Het ziekenhuis heeft tevens laten weten niet afhankelijk te zijn van deze schenking en niet failliet te gaan als het zonnepark niet doorgaat. Wel zou de financiële bijdrage volgens het ziekenhuis van grote betekenis kunnen zijn voor het meerjarenplan «Ommelander op koers» dat medio 2020 in uitvoering is genomen om de duurzame financiële toekomst van het ziekenhuis zeker te stellen.
Overigens is er geen sprake van een wettelijke verplichting om opbrengsten terug te laten stromen naar de omgeving. Wel is er in het Klimaatakkoord een algemeen streven voor 2030 vastgelegd van 50% lokaal eigendom bij projecten voor hernieuwbare elektriciteit op land. Het lijkt erop dat PowerField deze schenking als een alternatieve invulling beschouwt van dit algemeen streven.
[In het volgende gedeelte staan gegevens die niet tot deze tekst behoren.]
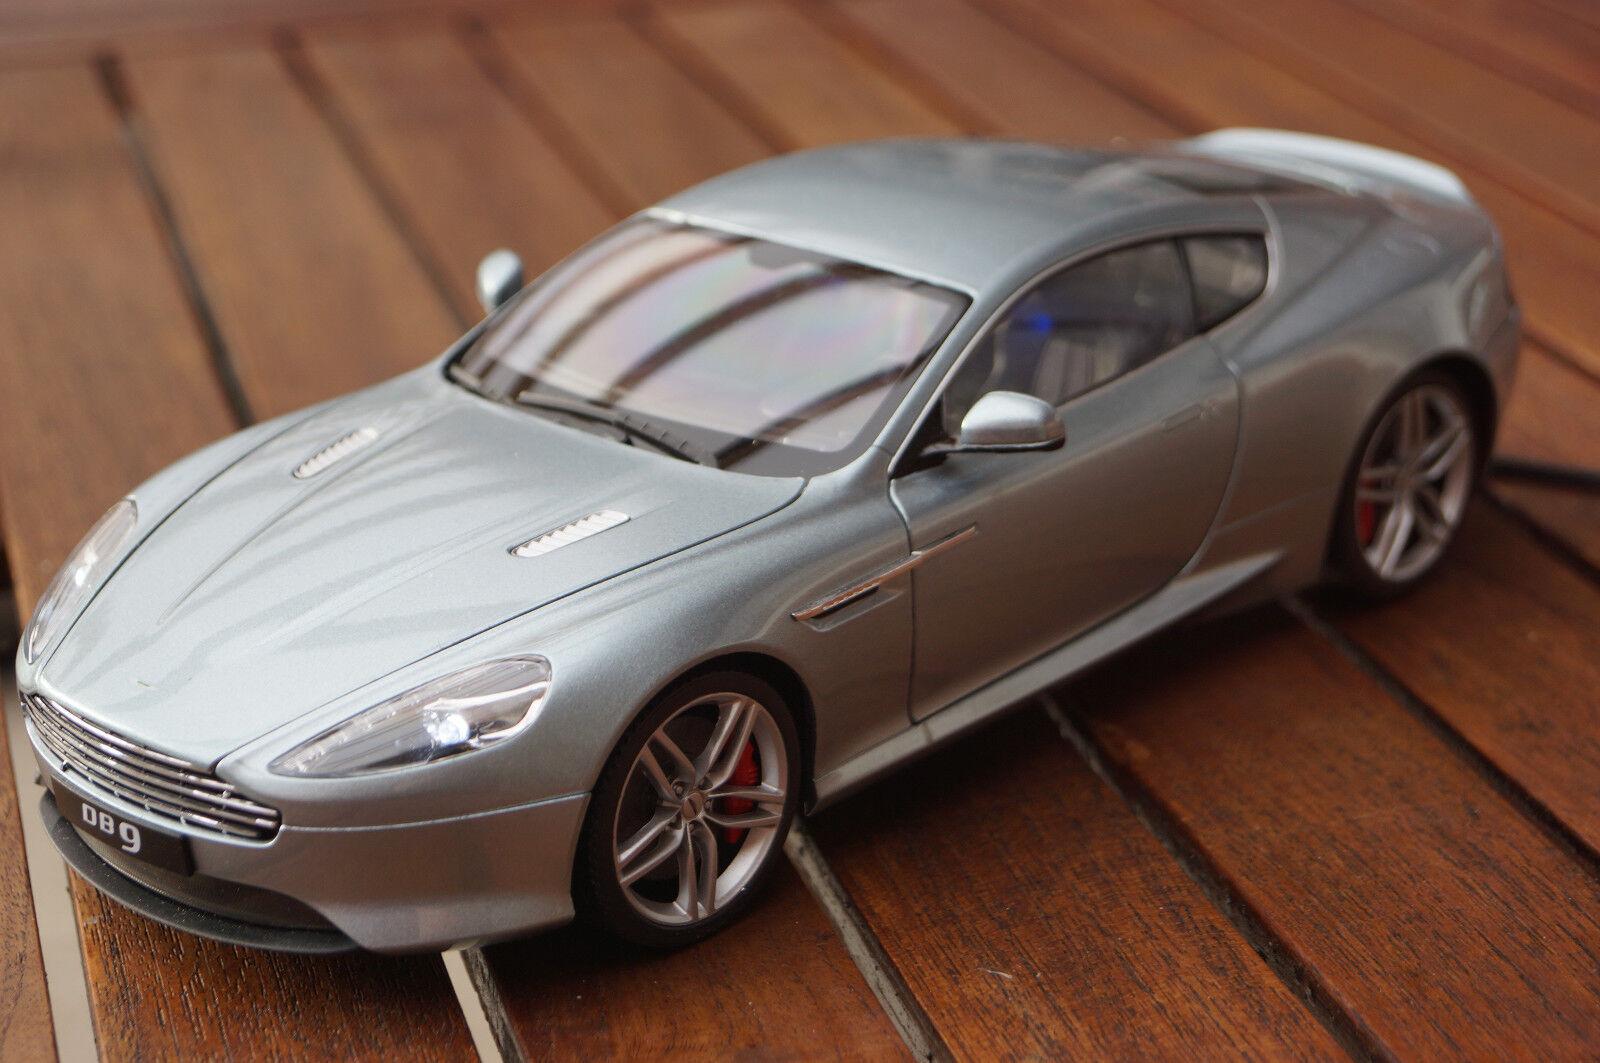 Aston Martin db9 avec LED-éclairage (xénon) dans 1 18 tuning welly Argent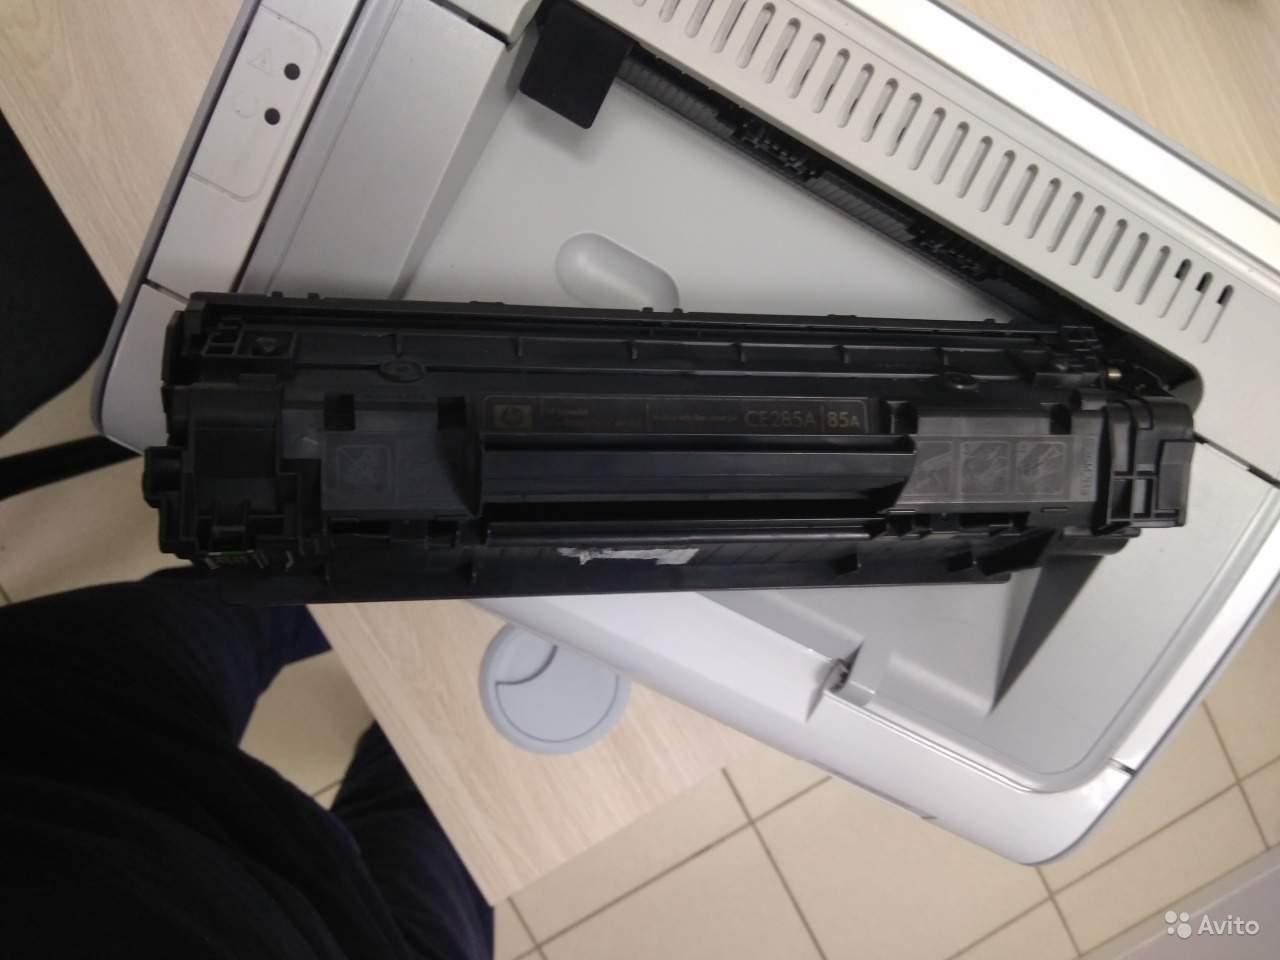 Продам hp laserjet p1102, p1005, p2015, МФУ HP M1120 ...: https://izhevsk.ru/forummessage/24/5633777-0.html

Vindt u het tot de taken van een ziekenhuis behoren om op welke manier dan ook financieel betrokken te zijn bij het ontwikkelen van een zonnepark?
Het behoort niet tot de taken van een ziekenhuis om financieel betrokken te zijn bij een te ontwikkelen zonnepark op gronden van derden. Iets anders is het zorgen voor zonnepanelen op het eigen dak of eigen gronden direct grenzend aan het ziekenhuis (zoals bijvoorbeeld boven het parkeerterrein). Dit wordt van Rijkswege ondersteund, via de aanpak van verduurzaming maatschappelijk vastgoed.
Deelt u de mening dat ziekenhuizen zorg moeten leveren en geen energieleverancier moeten zijn?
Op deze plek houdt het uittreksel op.